For these reasons, many of our applicants for the Indigenous Knowledge Fellowships have been language teachers and activists. 16 of the finalists for the second cohort work in the language area. And three of our initial cohort of fellows focus on language. In order to support their work, and in recognition of the importance of the field to Indigenous knowledge, the Initiative on Native American Intellectual Leadership has also invested and will continue to invest in language projects outside of the Fellowship that have the potential to advance the field.
Northeastern University has proposed one such project. Dr. Ellen Cushman, a citizen of the Cherokee Nation and a professor of English at Northeastern, has been working to develop an on-line, collective reading environment that will make use of Cherokee-language manuscripts and documents that are not easily accessible to Cherokee people. Cherokee is unusual among Indigenous languages: in the 19th century, Sequoyah, a Cherokee leader, created a syllabary that enabled Cherokee to read and write in their own language.
Cherokee remains a living language but is spoken fluently by only 2500 people, most of whom are elders. Although the several Cherokee nations have invested in language learning, the language is in danger; Principal Chief Chuck Hoskin of the Cherokee Nation of Oklahoma has identified language survival as a top priority for him and his administration.
Prof. Cushman is developing a prototype that will will enable Cherokee speakers, teachers, learners, and scholars to access, translate, read, understand, and pronounce some of the thousands of historical documents held at Yale, the American Philosophical Society and other archives. Working closely with speakers in Oklahoma and North Carolina, Prof. Cushman is digitizing, transliterating, translating, and annotating a selection of prison letters, diaries, government documents and more.
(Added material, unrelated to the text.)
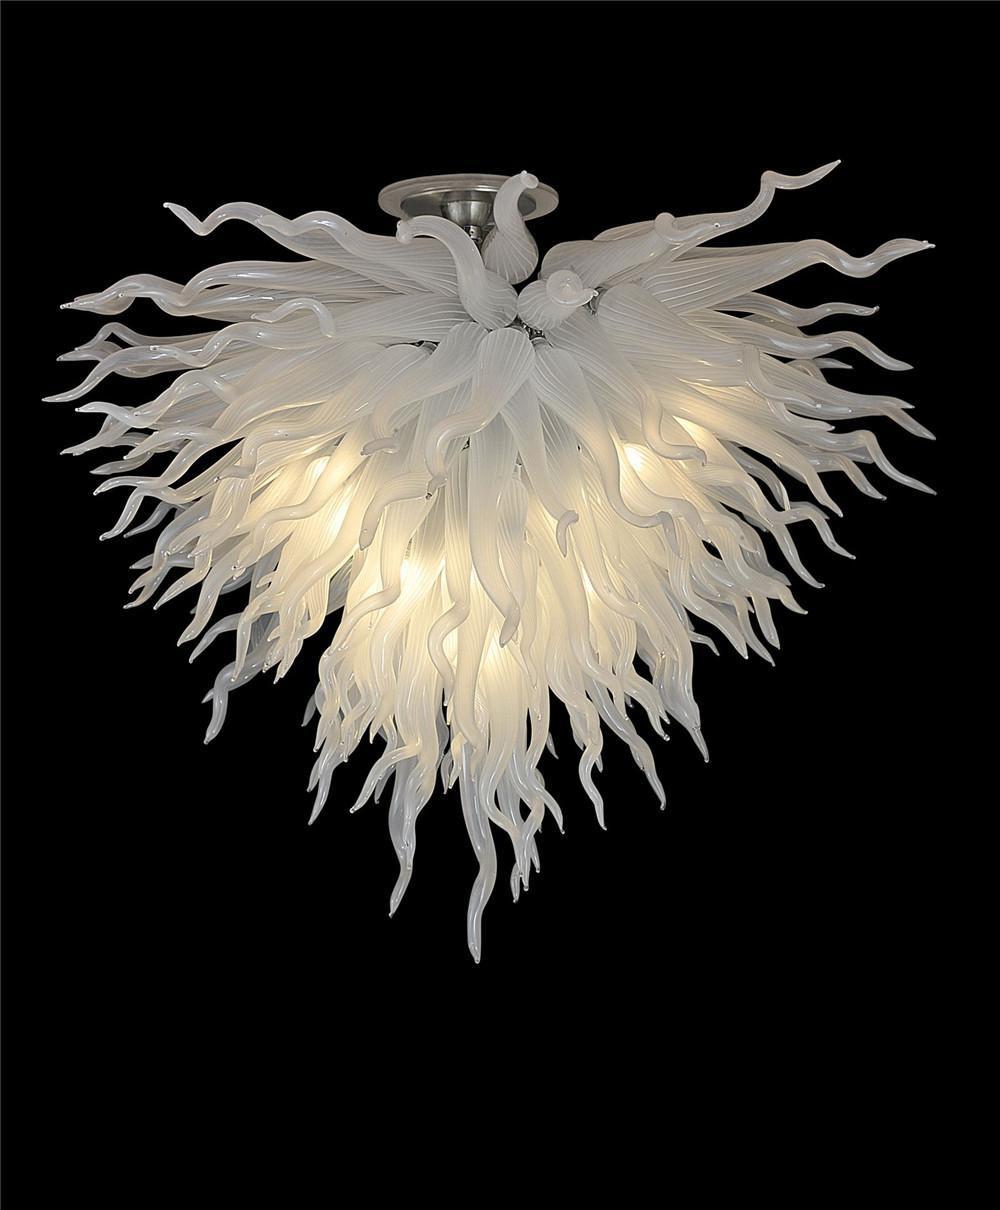 2021 بيع كبيرة الحديثة قلادة مصابيح الفن تصميم متجمد اليد أبيض منفوخ أضواء الزجاج مورانو الزجاج
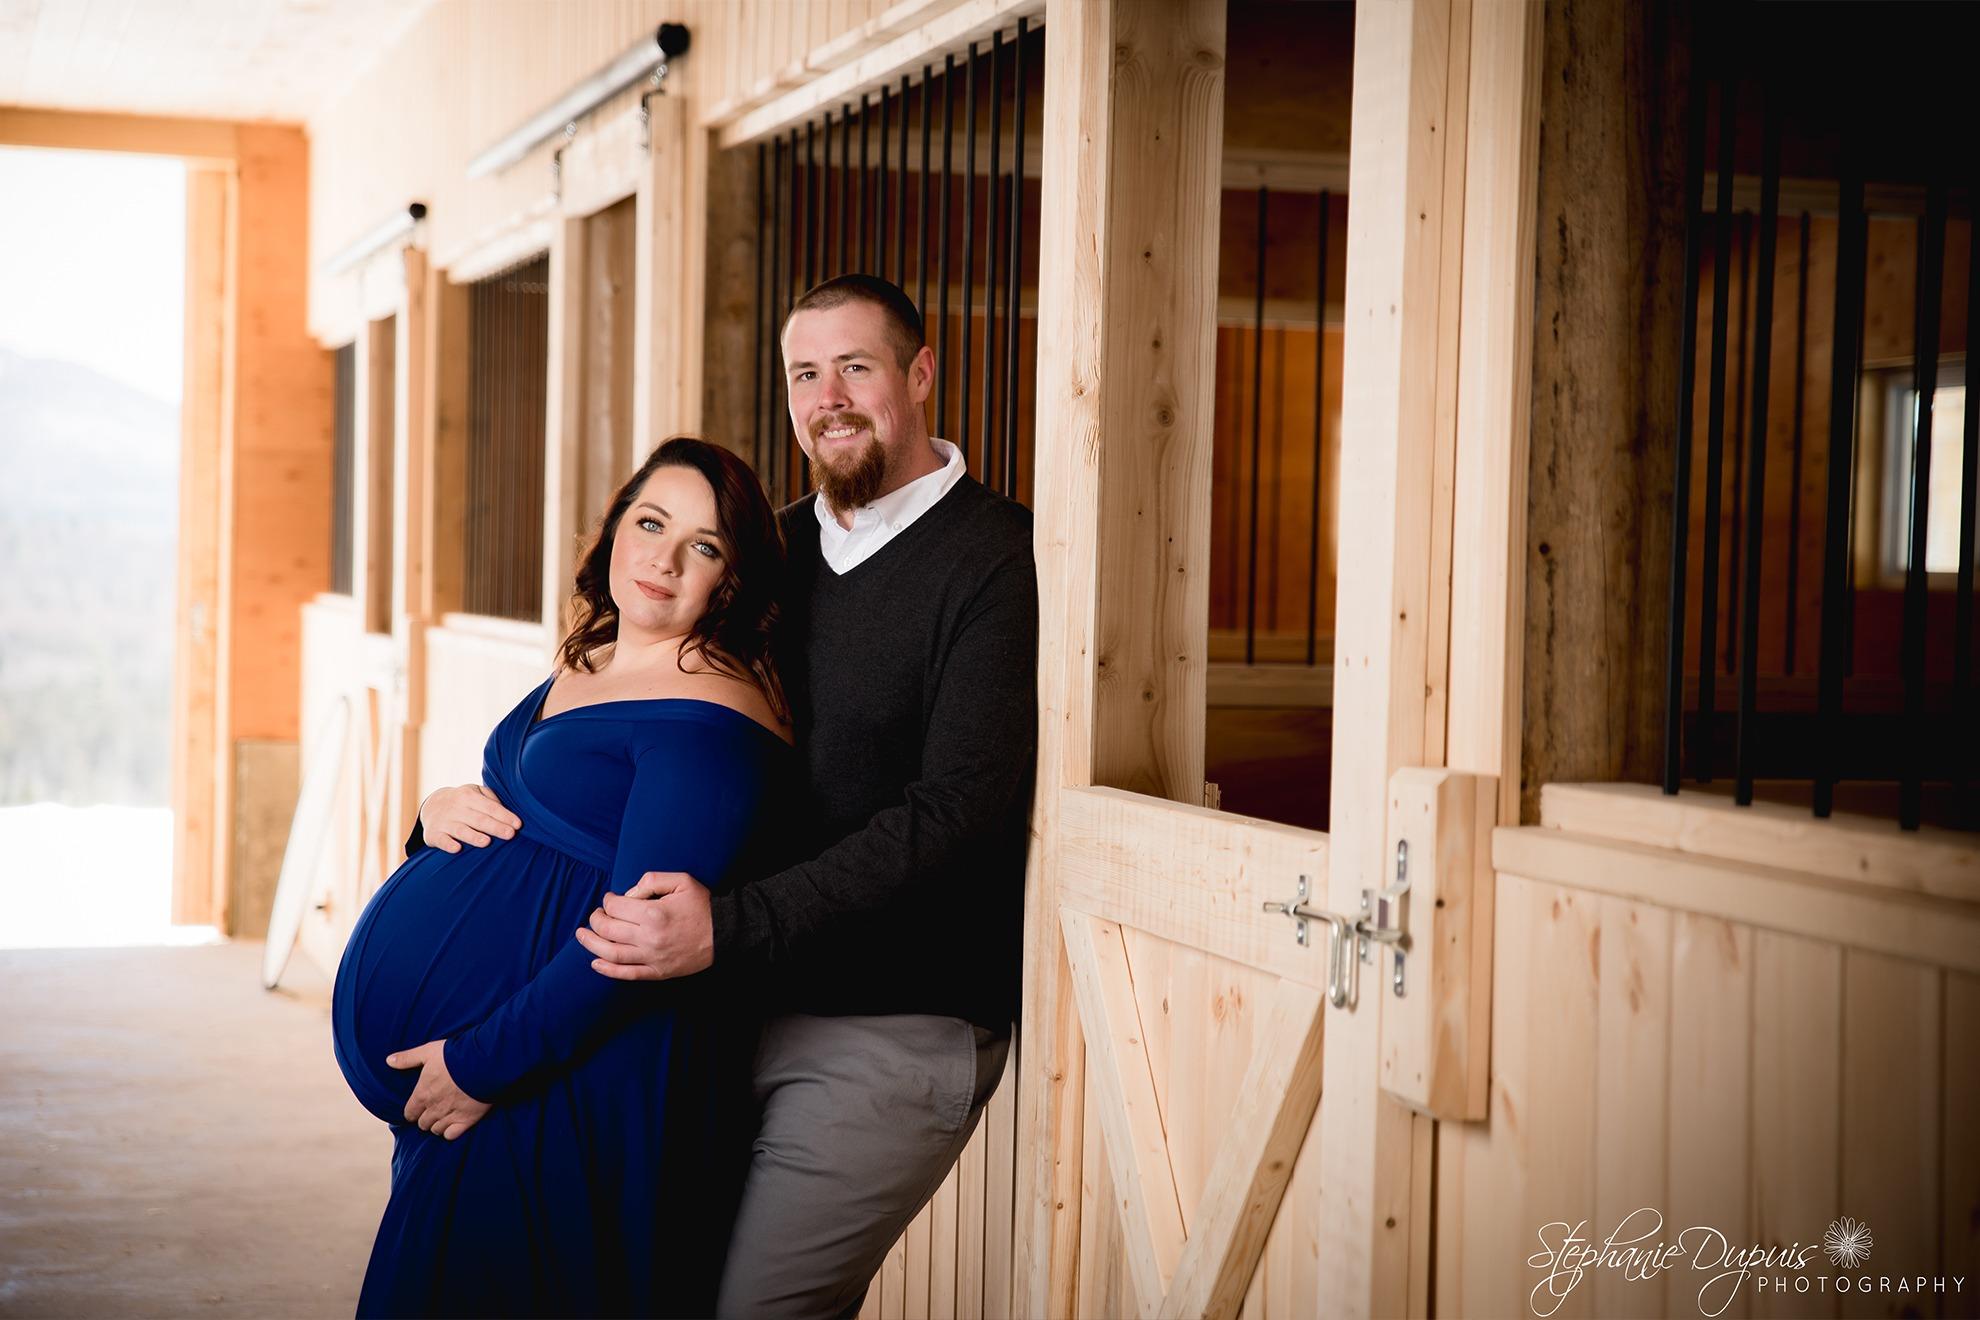 Jessica Maternity 1005 - Portfolio: Jessica - Maternity Session

These will be made available through an interface that enables the documents to be used as language learning tools, not simply as historical evidence.
She will use the grant to pay Northeastern students and faculty working on the project, several language consultants, and a large cohort of Cherokee speakers and teachers who will work on translations and provide feedback. Northeastern will absorb any administrative costs that are incurred. At the end of a project, she expects to have a working protype that she can build upon and expand. All of the underlying code is open-source; it is Dr. Cushman’s hope that the framework can be adapted for us by other Indigenous communities.